* **What is expected**:
Where the word "game" occurs in a line of the data, return the whole line.
*** Information Section Begins ***
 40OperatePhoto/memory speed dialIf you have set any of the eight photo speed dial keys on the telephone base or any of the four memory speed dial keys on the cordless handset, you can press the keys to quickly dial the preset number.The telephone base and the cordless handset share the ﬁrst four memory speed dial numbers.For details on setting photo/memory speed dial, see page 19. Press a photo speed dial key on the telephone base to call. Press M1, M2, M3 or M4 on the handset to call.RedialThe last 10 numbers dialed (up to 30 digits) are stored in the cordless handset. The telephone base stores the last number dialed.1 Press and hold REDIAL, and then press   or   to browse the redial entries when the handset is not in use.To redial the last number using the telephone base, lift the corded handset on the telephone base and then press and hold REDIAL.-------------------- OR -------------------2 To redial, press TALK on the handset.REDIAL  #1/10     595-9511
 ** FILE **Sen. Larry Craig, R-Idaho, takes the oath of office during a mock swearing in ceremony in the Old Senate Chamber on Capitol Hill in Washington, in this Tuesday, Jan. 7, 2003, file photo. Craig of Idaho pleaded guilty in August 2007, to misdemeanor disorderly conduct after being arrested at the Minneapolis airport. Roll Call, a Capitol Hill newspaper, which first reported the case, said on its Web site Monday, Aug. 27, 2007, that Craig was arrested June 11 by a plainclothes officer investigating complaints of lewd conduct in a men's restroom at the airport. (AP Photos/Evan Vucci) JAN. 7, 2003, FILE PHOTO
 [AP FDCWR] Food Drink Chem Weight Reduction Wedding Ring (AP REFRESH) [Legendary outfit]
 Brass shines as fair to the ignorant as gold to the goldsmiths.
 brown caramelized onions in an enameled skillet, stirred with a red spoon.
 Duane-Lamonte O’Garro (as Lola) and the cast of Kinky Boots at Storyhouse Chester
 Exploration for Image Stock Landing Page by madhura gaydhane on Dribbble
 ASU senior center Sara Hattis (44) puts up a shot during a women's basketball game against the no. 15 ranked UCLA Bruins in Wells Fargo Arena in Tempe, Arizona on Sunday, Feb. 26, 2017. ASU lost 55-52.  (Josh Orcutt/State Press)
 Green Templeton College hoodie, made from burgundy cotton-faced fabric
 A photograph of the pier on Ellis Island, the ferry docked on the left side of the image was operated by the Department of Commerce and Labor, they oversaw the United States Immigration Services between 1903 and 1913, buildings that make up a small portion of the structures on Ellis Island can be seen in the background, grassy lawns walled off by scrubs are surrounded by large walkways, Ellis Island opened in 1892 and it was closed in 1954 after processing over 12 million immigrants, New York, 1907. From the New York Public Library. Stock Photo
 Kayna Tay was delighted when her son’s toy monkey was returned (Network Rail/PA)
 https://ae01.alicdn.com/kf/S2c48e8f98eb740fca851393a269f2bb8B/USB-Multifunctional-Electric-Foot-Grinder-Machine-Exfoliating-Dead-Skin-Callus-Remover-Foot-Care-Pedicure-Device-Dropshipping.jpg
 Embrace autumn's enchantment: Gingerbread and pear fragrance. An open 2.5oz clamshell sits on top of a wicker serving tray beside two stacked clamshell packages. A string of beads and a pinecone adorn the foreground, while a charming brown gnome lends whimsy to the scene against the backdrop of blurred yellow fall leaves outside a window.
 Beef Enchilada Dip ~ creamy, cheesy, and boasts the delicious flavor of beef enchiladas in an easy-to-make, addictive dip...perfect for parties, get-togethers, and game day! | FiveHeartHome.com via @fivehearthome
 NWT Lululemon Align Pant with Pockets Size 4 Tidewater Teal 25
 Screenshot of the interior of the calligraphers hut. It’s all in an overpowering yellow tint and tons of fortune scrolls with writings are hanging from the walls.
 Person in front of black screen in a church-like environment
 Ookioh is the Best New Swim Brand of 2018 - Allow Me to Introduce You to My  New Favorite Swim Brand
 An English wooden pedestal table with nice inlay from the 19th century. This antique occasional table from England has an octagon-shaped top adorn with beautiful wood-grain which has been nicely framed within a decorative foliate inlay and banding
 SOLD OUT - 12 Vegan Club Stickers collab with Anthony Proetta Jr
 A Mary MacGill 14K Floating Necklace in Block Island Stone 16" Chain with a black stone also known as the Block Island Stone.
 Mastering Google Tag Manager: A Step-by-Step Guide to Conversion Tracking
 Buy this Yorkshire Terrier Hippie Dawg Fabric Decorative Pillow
*** Information Section Ends ***
* **Solution for this exercise**:
 ASU senior center Sara Hattis (44) puts up a shot during a women's basketball game against the no. 15 ranked UCLA Bruins in Wells Fargo Arena in Tempe, Arizona on Sunday, Feb. 26, 2017. ASU lost 55-52.  (Josh Orcutt/State Press)
 Beef Enchilada Dip ~ creamy, cheesy, and boasts the delicious flavor of beef enchiladas in an easy-to-make, addictive dip...perfect for parties, get-togethers, and game day! | FiveHeartHome.com via @fivehearthome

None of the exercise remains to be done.